269.4. Test Case: n_lthread_per_pcore performance

  1. Launch app with descriptor parameters:

    ./examples/performance-thread/l3fwd-thread/x86_64-native-linuxapp-gcc/l3fwd-thread \
     -c ff -n 4 -- -P -p 3 --enable-jumbo --max-pkt-len 2500 \
     ----tx="(0,0)" --tx="(0,0)"
    

    (Note: option “–stat-lcore” is not enabled in the automation scripts)
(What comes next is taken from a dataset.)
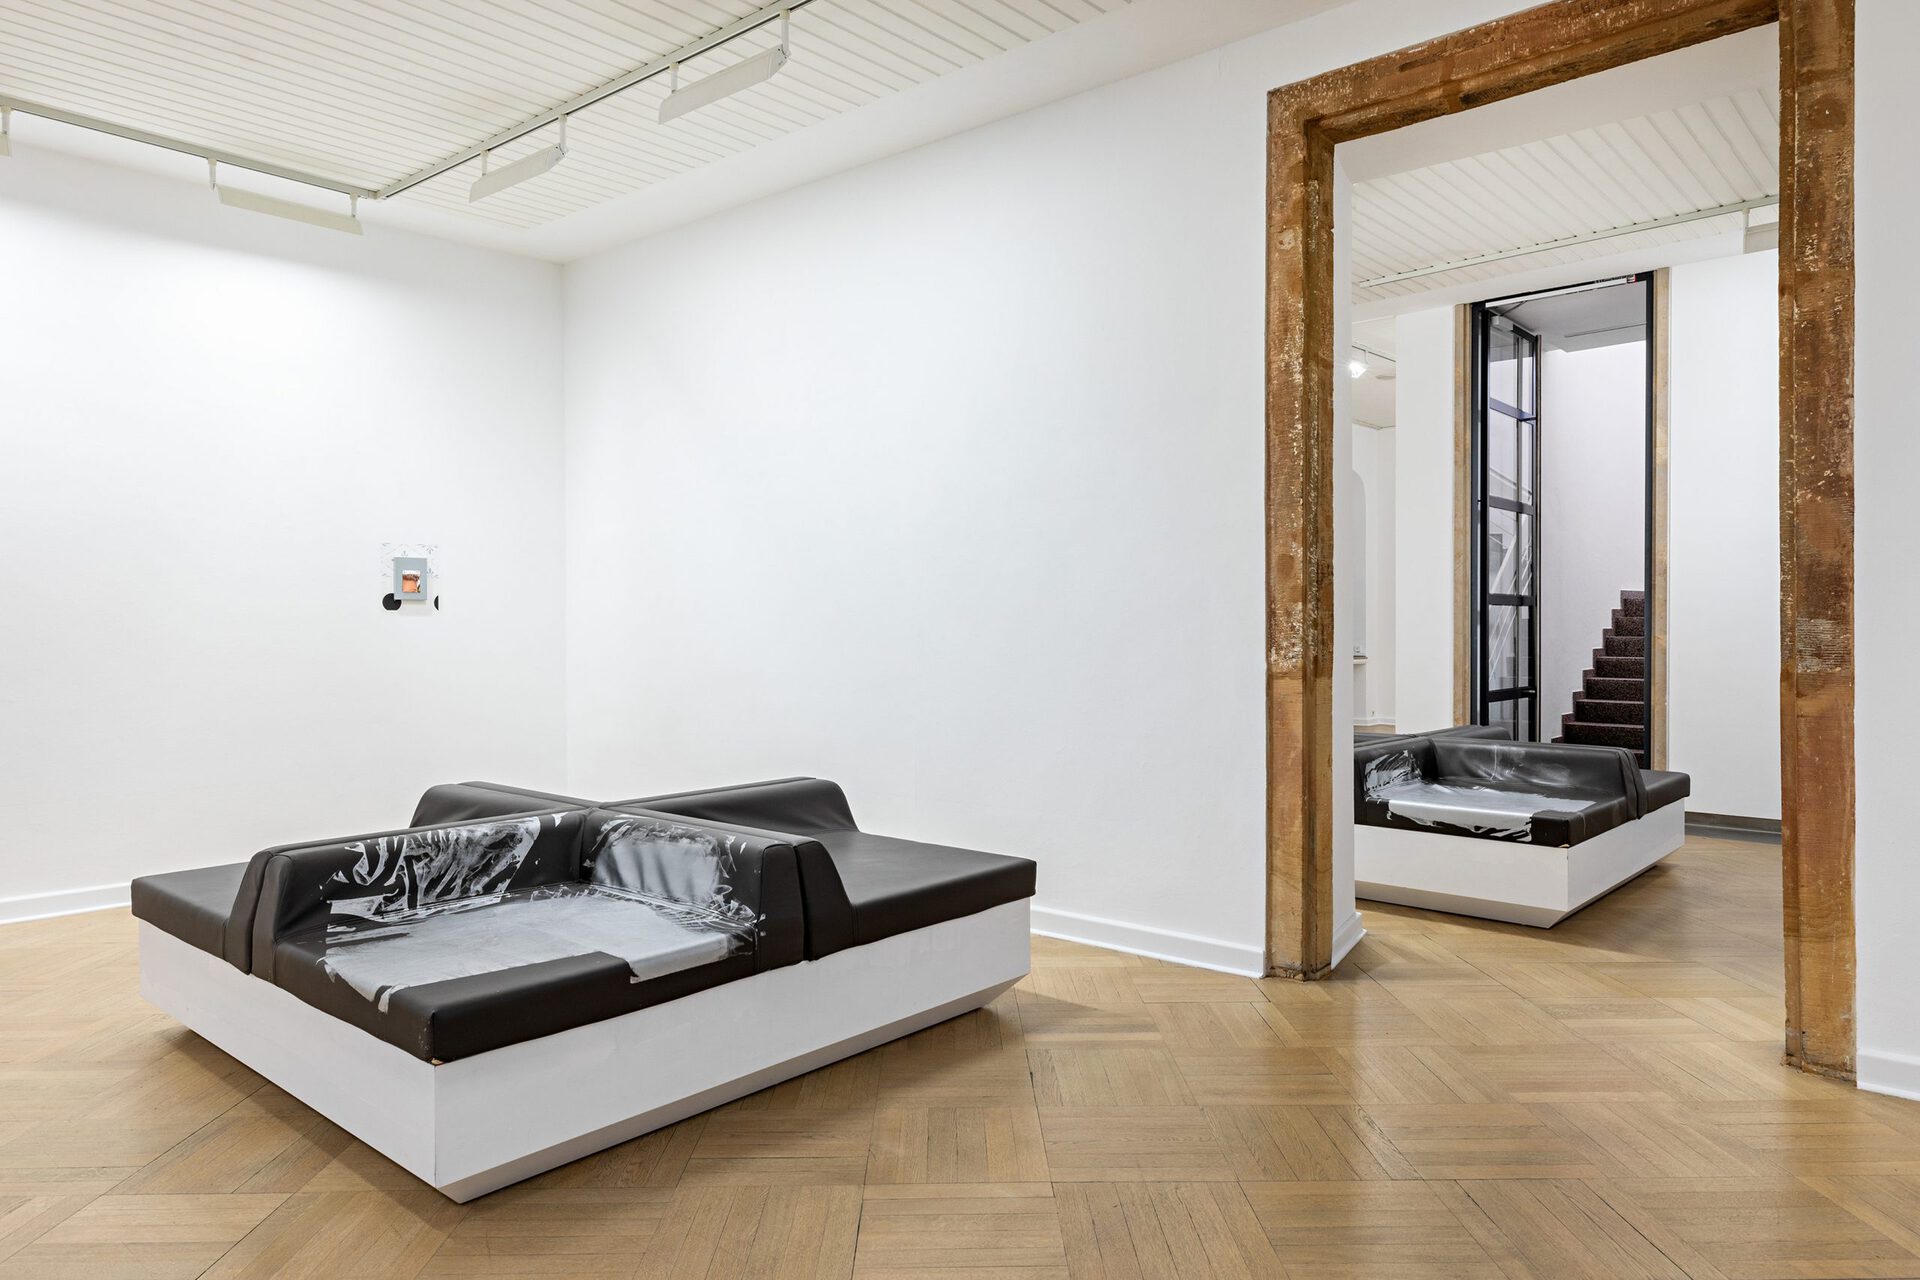 Lorenza Longhi, Caretaker(s), 2021; Panoramic Couch 1, 2021; Panoramic Couch 2, 2021; exhibition view THE EQUALITY OF POSSIBILITY, Kunstverein Bielefeld, 2021. Photo: Fred Dott

  2. Send traffic and verify performance both directional and bi-directional

  3. Repeat above tests with below command lines respectively

# Command Line
1
./l3fwd-thread -c ff -n 4 – -P -p 3 –enable-jumbo –max-pkt-len 2500
–rx=”(0,0,0,0)(1,0,1,1) –tx=”(0,0),(0,1)”
2
./l3fwd-thread -c ff -n 4 – -P -p 3 –enable-jumbo –max-pkt-len 2500
–rx=”(0,0,0,0)(0,1,0,1)(1,0,0,2)(1,1,0,3)” –tx=”(0,0)(0,1)(0,2)(0,3)”
3
./l3fwd-thread -c ff -n 4 – -P -p 3 –enable-jumbo –max-pkt-len 2500
–rx=”(0,0,0,0)(0,1,0,1)(0,2,0,2)(0,3,0,3)(1,0,0,4)(1,1,0,5)(1,2,0,6)(1,3,0,7)” –tx=”(0,0)(0,1)(0,2)(0,3)(0,4)(0,5)(0,6)(0,7)”
  1. Check test results and full out the above result table.